Table 2 Individual starch content QTLs in the CI7/K22 RIL population
Fig. 3
figure 3

The distribution of starch content QTLs across the entire genome in different environments. a The LOD profiles of starch content QTLs. b The additive effects of starch content QTLs. 13BJ, 13HN and 14NM represent the environments of Beijing in 2013, Hainan in 2013 and Neimeng in 2014, respectively. BLUP represents the results of QTL mapping using the BLUP value of starch content based on three environments

To further confirm the six QTLs for starch content identified using the BLUP values, we also mapped the QTLs for starch content in CI7/K22 RILs that were grown in different environments (Fig. 3). The association with starch content was stable for all of the QTLs from the RIL populations grown in all three environments. Although the LOD values of some QTLs were lower than the threshold, these QTLs still showed obvious LOD peaks in the RIL when grown in different environments (Fig. 3). In addition to the original six QTLs, one QTL on chromosome 10 was significantly associated with starch content in Hainan in 2013 and had a clear, but weak, LOD peak using the BLUP value (Fig. 3).

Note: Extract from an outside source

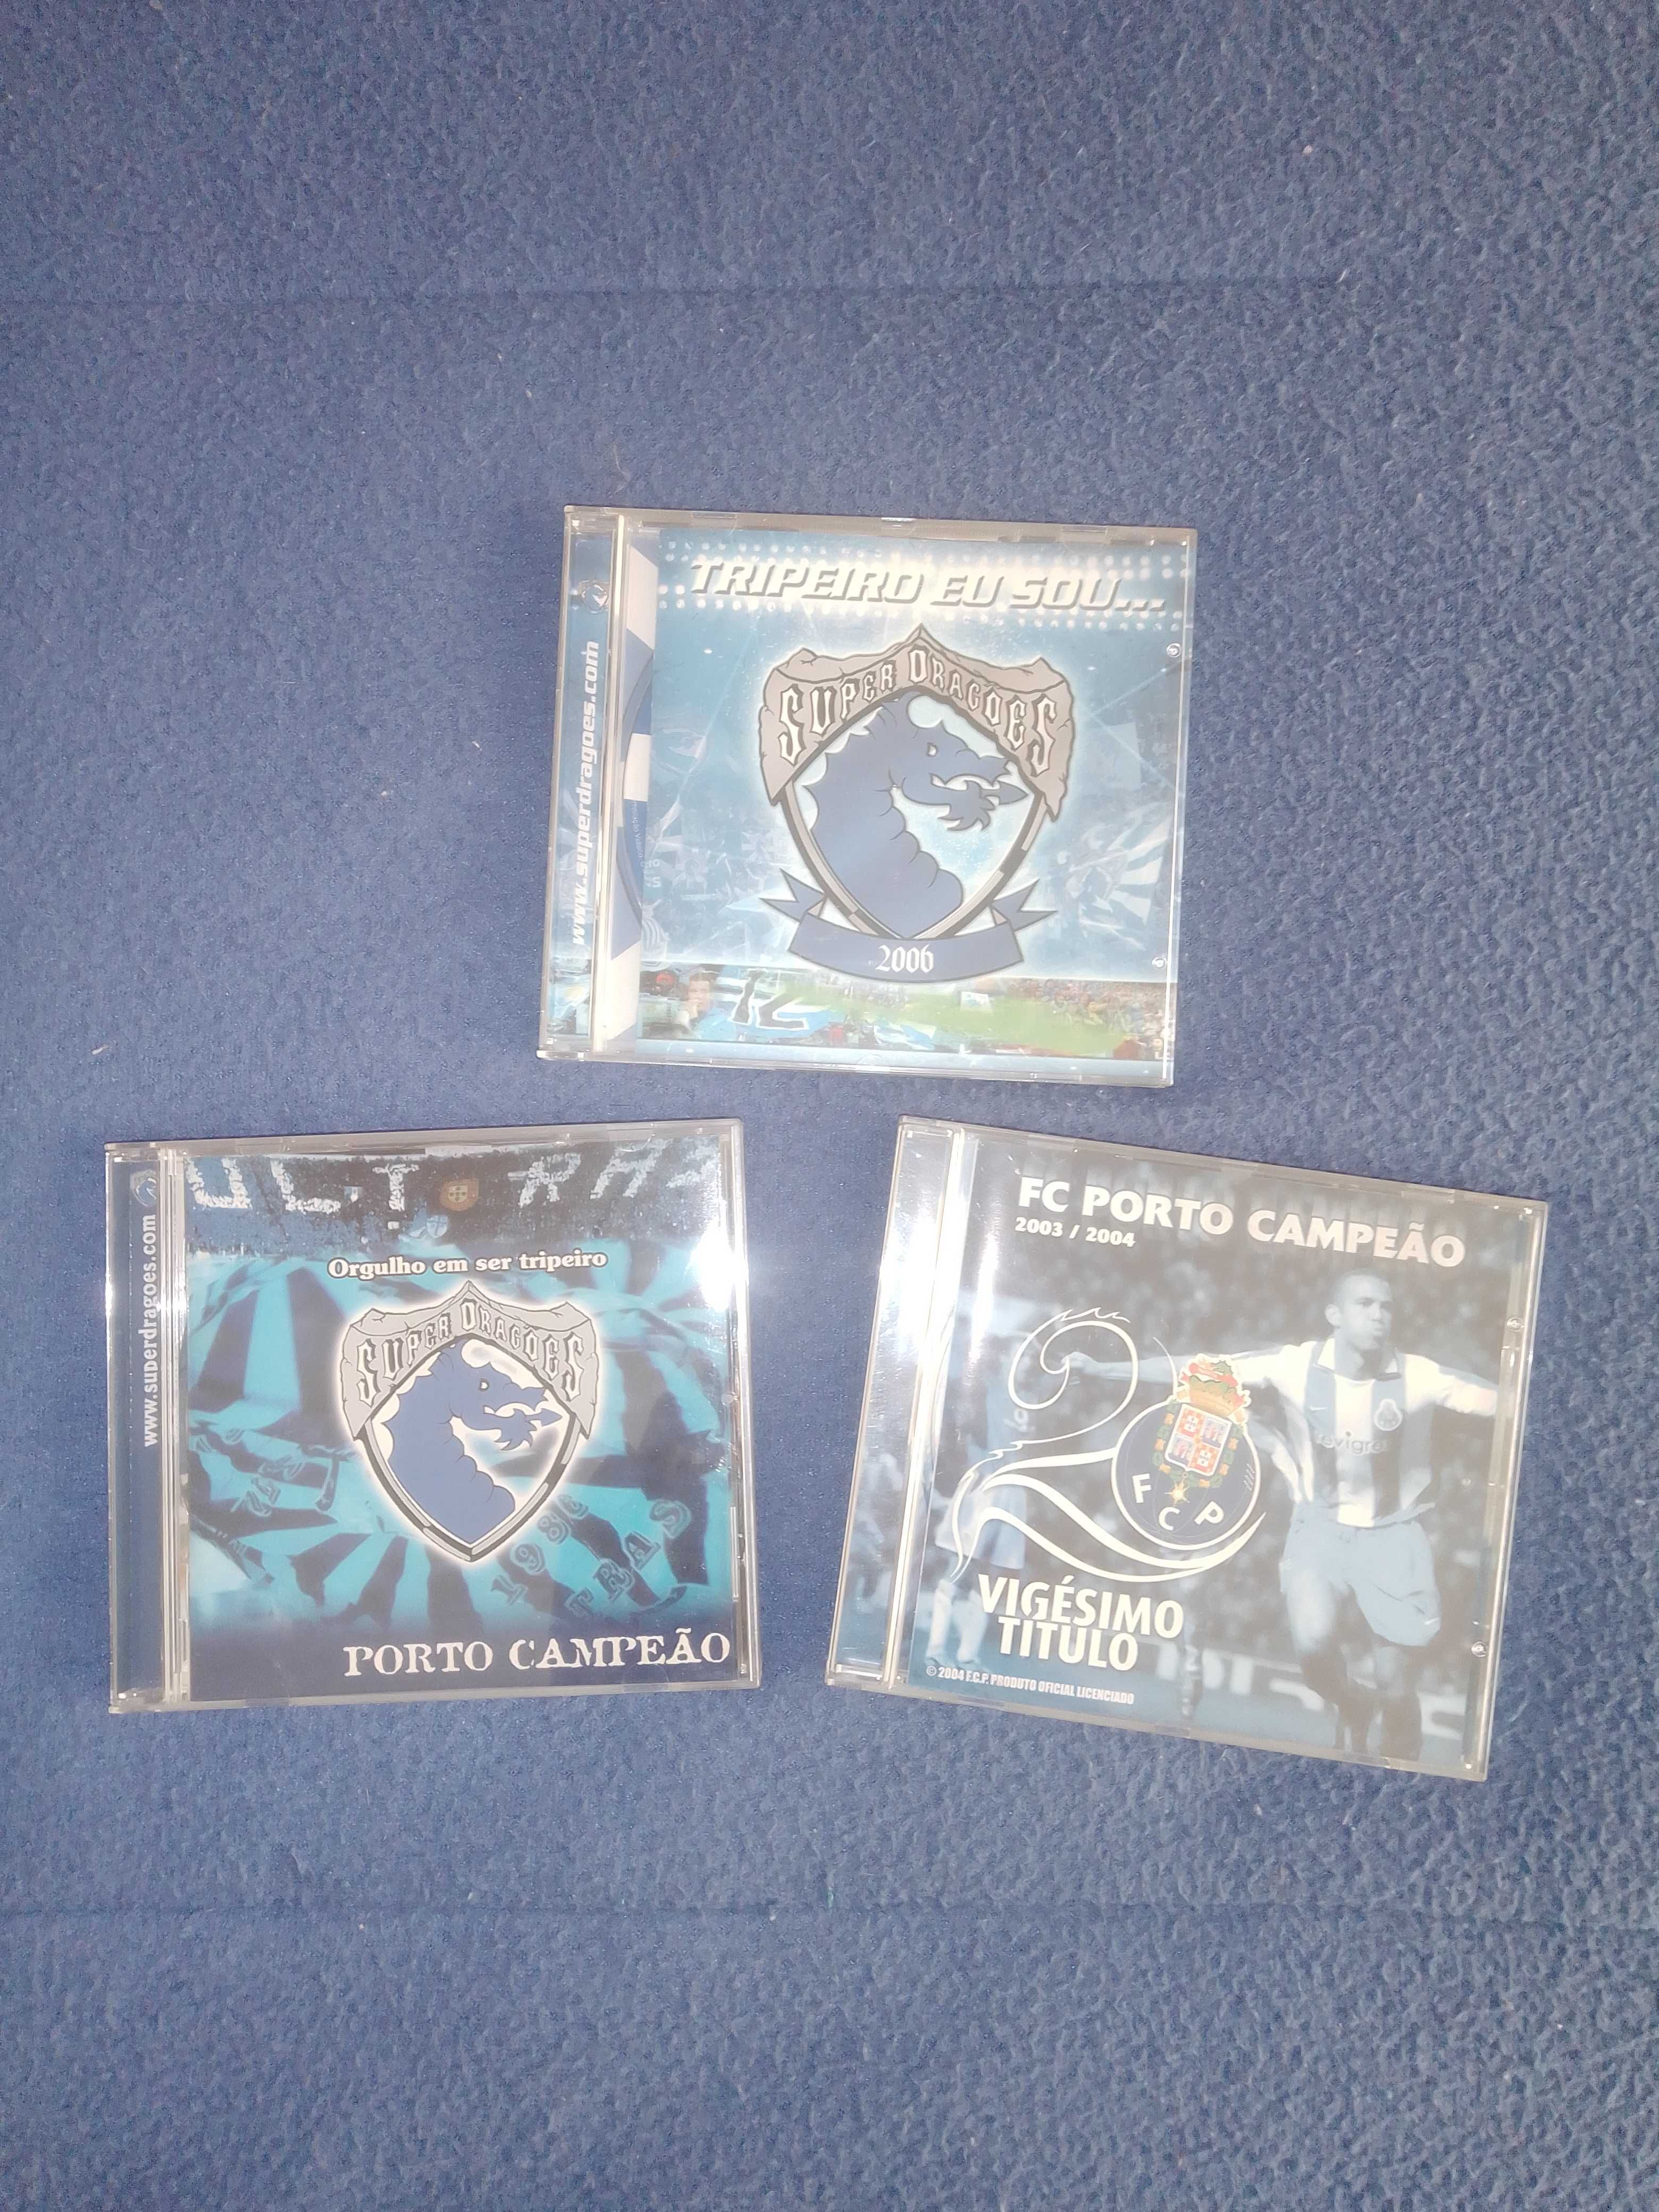 3 CDs de música do FC Porto

In addition to individual QTLs for starch content in maize kernels, the additive × additive epistatic interactions for the identified QTLs in the CI7/K22 RIL population were also investigated. No epistatic interactions were observed (data not shown), indicating that the genetic component of starch content in the CI7/K22 RIL population is mainly characterized by additive gene actions.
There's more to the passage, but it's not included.